Companies today just haven't thought through those processes. So it's the combination of HR and legal working internally to figure out, okay, what is it that we're going to screen for? What is it that we're going to monitor? How are we going to ingest that data? How are we going to react on that data? And that's just been a little bit slow because that just is, obviously, a lot more complicated than just hiring a company to do a historical snapshot-in-time background check. But this is, we think, a superior product, and we think it's a great product for the future. But it's just going to take a while for market adoption.

Operator

Operator

[Operator Instructions] Our next question comes from Gary Bisbee of Bank of America Securities. Your line is open.

Gary Bisbee

Analyst

So the first question, obviously, very strong labor markets at the moment. I wonder if you could help us just think through how much of this pretty tremendous revenue growth is coming from sort of base business growth as you described it prior to the IPO and also just benefits from tight labor markets?
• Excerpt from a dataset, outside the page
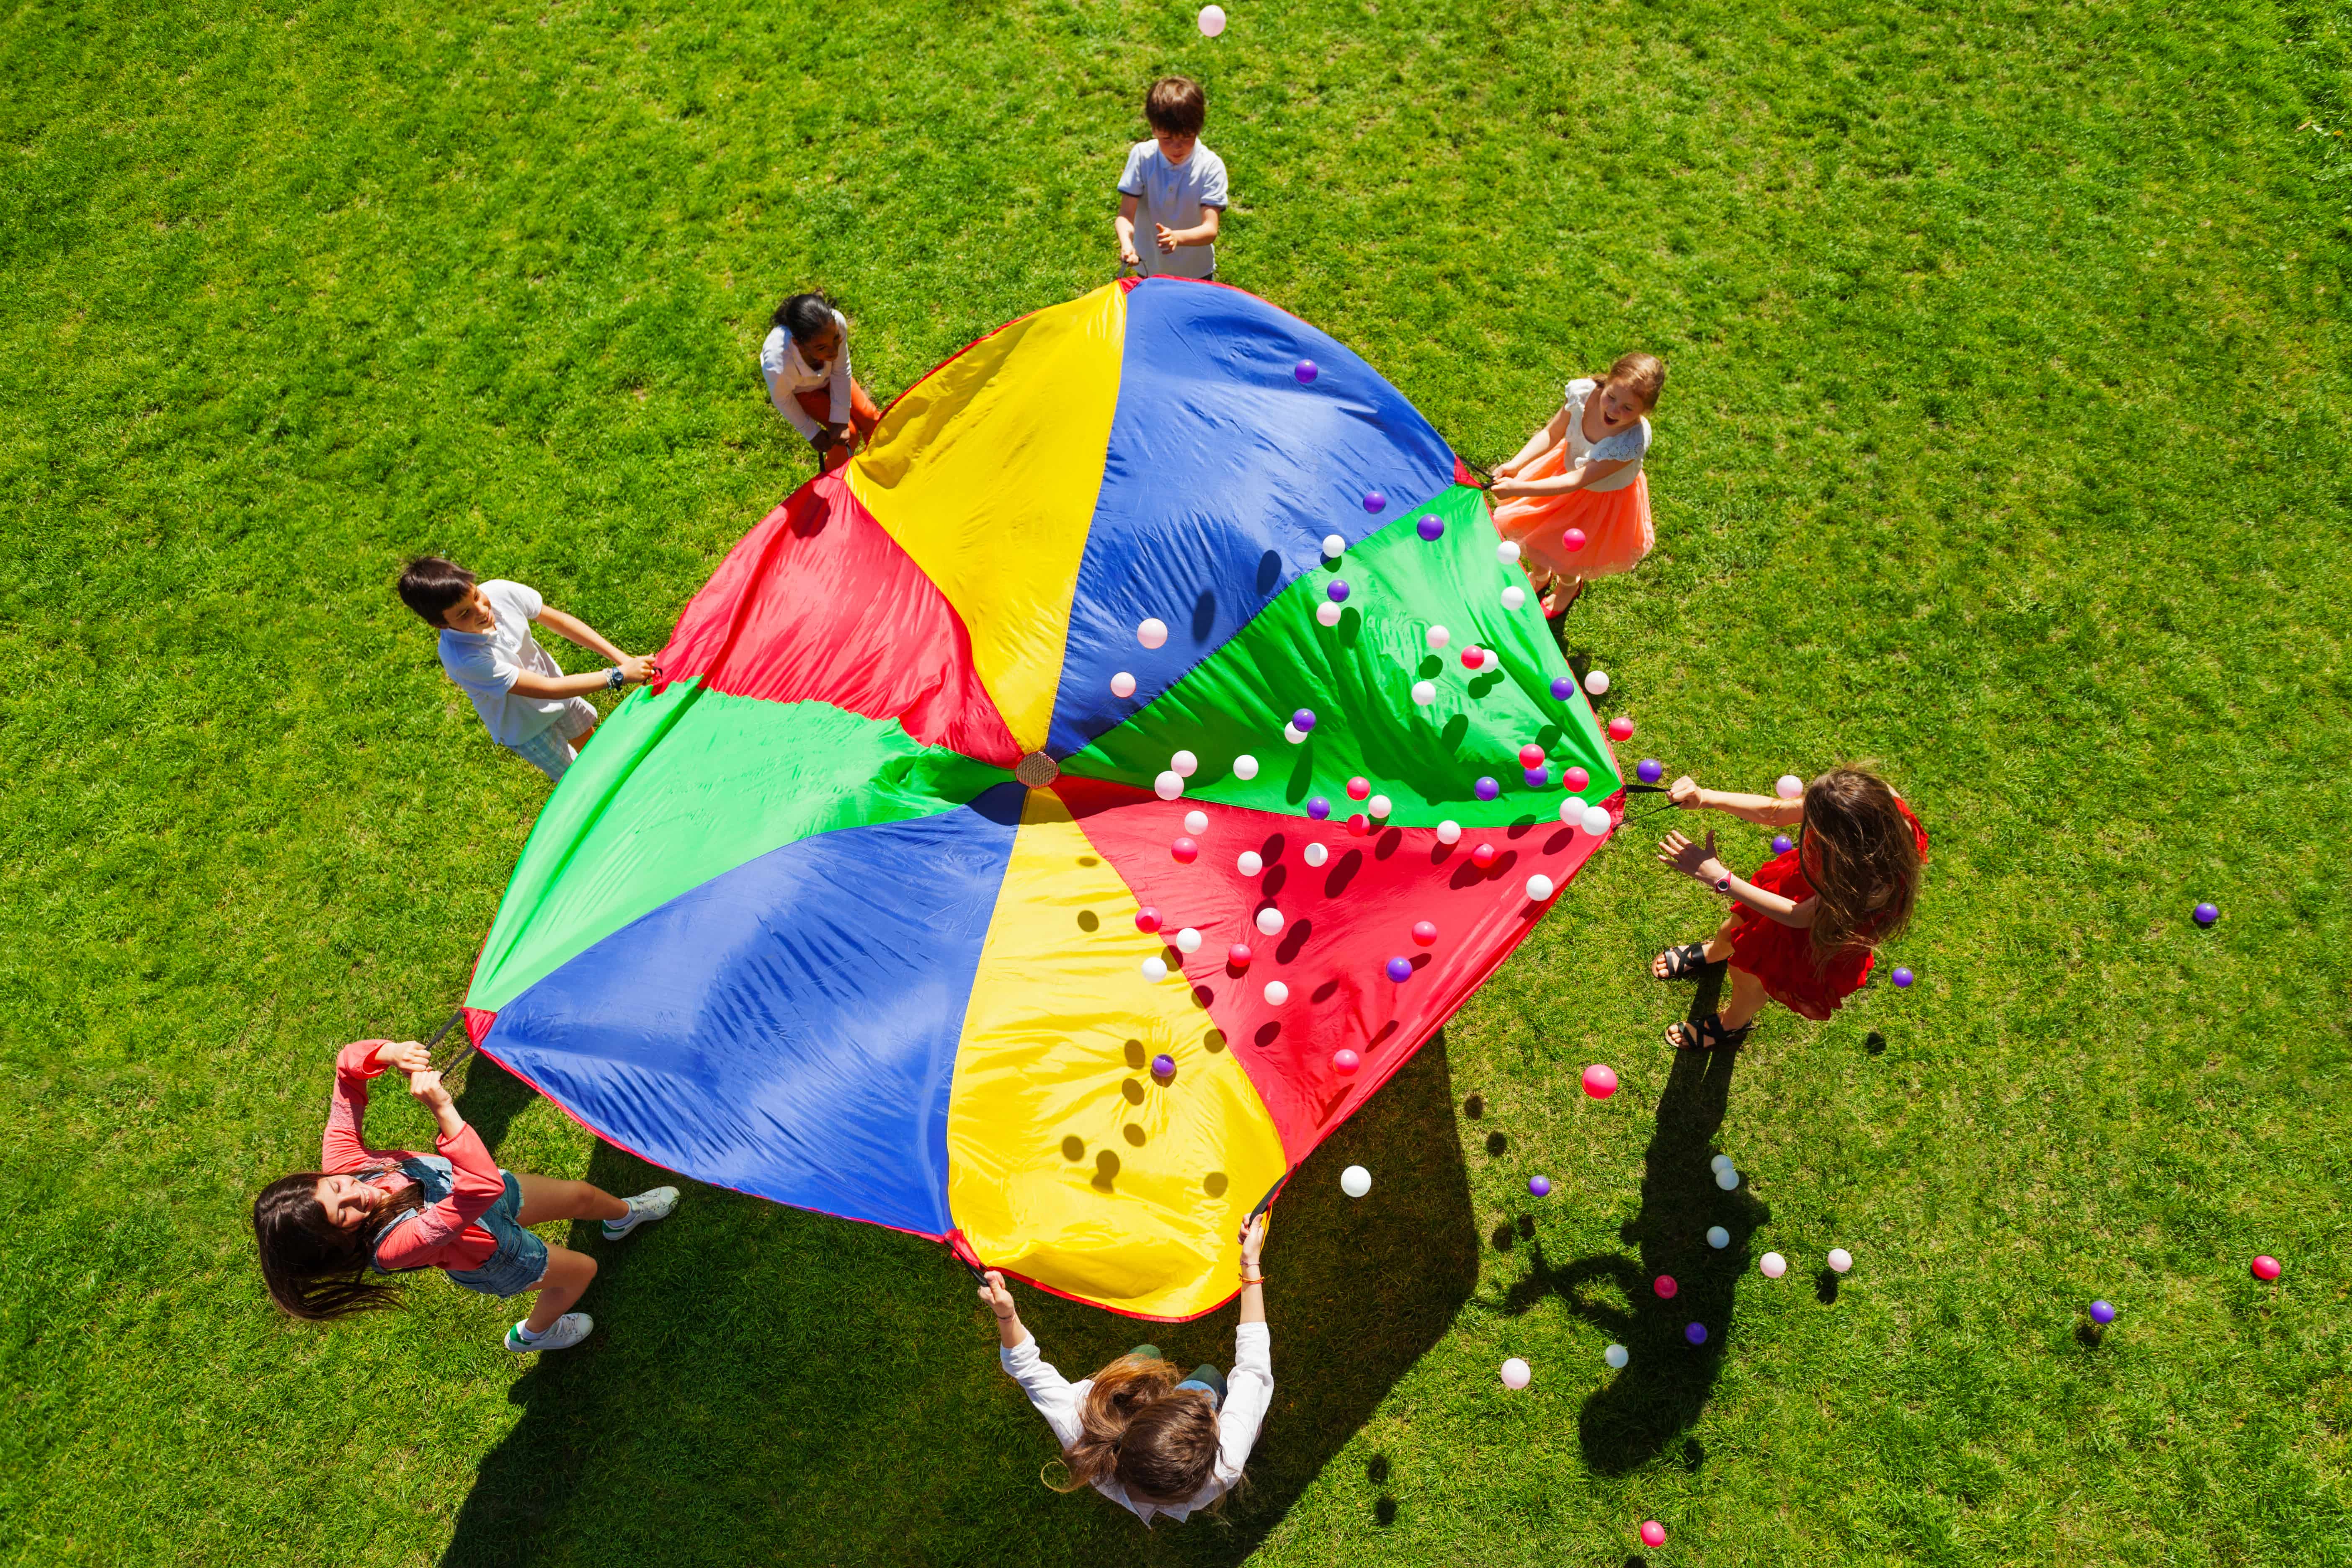 Kids Playing In Grass With Parachute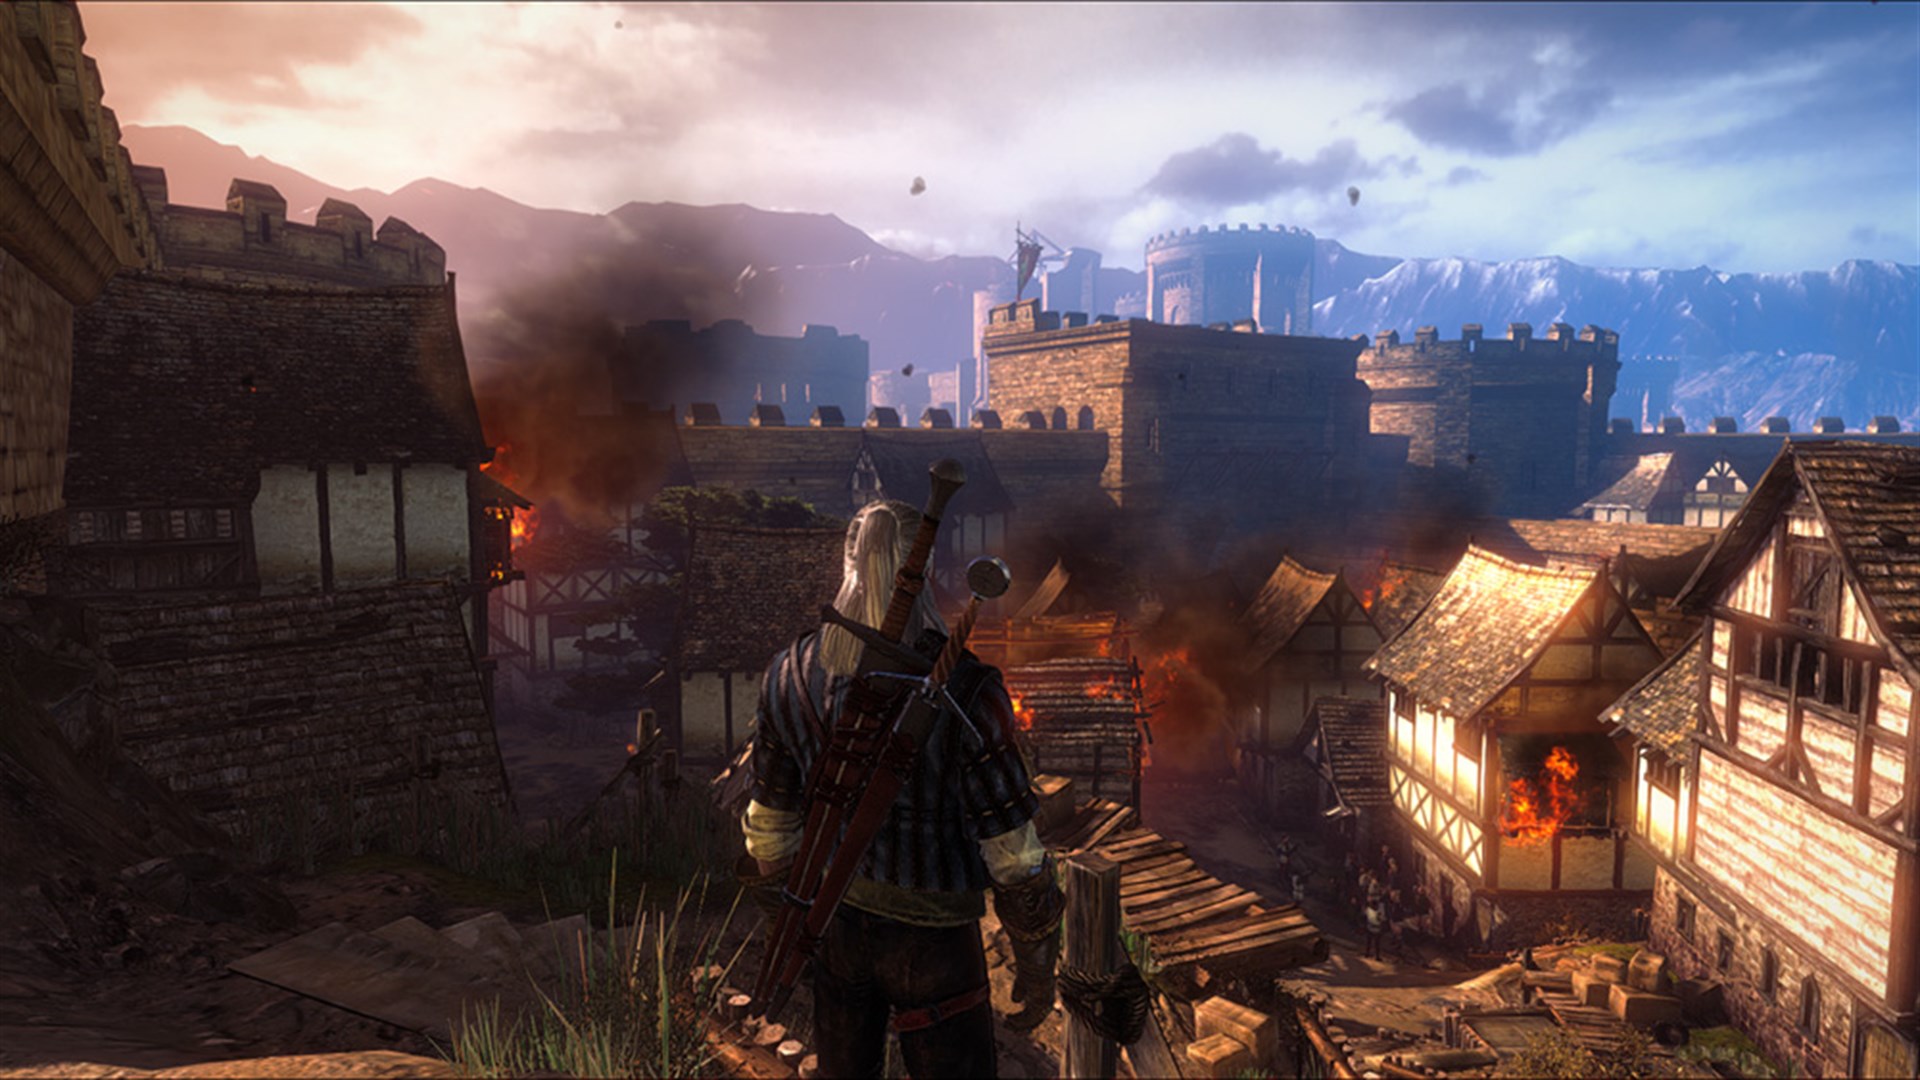 the witcher 2 xbox marketplace

So harder to get employees, you're doing more screens per job you fill that kind of stuff versus just the underlying factors you can control more like new business wins, like up-sell of additional solutions, et cetera. How much if you could divide those down roughly or give some color would be helpful?

David Gamsey

Analyst

I think the best way to think about that, Gary, is there are a number of levers, right, that we've always talked about, base growth, up-sell, cross-sell, new logo. All of that have been very positive contributors. International really came back strong this year, particularly in Q3. That's been very robust. We're seeing all of those markets with tremendous growth. And then relative to the base growth, it clearly has been higher this year than it has been historically. Maybe it's the new norm. We like it a lot. The clients are extremely active in trying to hire everyone that they possibly can. Because of the turnover, the mobility, the great resignation, if you will, we're seeing a lot of that churn result in more and more screens. And that's driving our base growth.

Gary Bisbee

Analyst

Is there any way to think about the concept of tough comps next year if and when some of these factors normalize? I mean, I heard you on the early '22 commentary. So certainly, you sound like you expect to continue to deliver quite robust growth. But how do you think about that? And I guess is there anything you can do if and when it gets tougher from a macro perspective?

David Gamsey

Analyst

Well, if you look at our long-term targets, those basically have gone back to historical norms. Ultimately, in our model, we see that happening. We could be wrong in the fact that it could be a permanent change, which would just add to that growth. But we are forecasting that it will return to a more historical normal rate long term.

Operator

Operator

Thank you. And I see no further questions in the queue. I will turn it back over to Scott Staples for closing comments.

Scott Staples

Analyst

Thank you, operator, and thanks, everyone, for your questions. Obviously, we're very proud of our accomplishments and are excited about what's ahead. We believe First Advantage is very well positioned for future growth, and we will continue to focus on delivering value for our shareholders. Thank you for joining us, and have a great day.

Operator

Operator

This concludes today's conference call. Thank you all for participating. You may now disconnect, and have a pleasant day.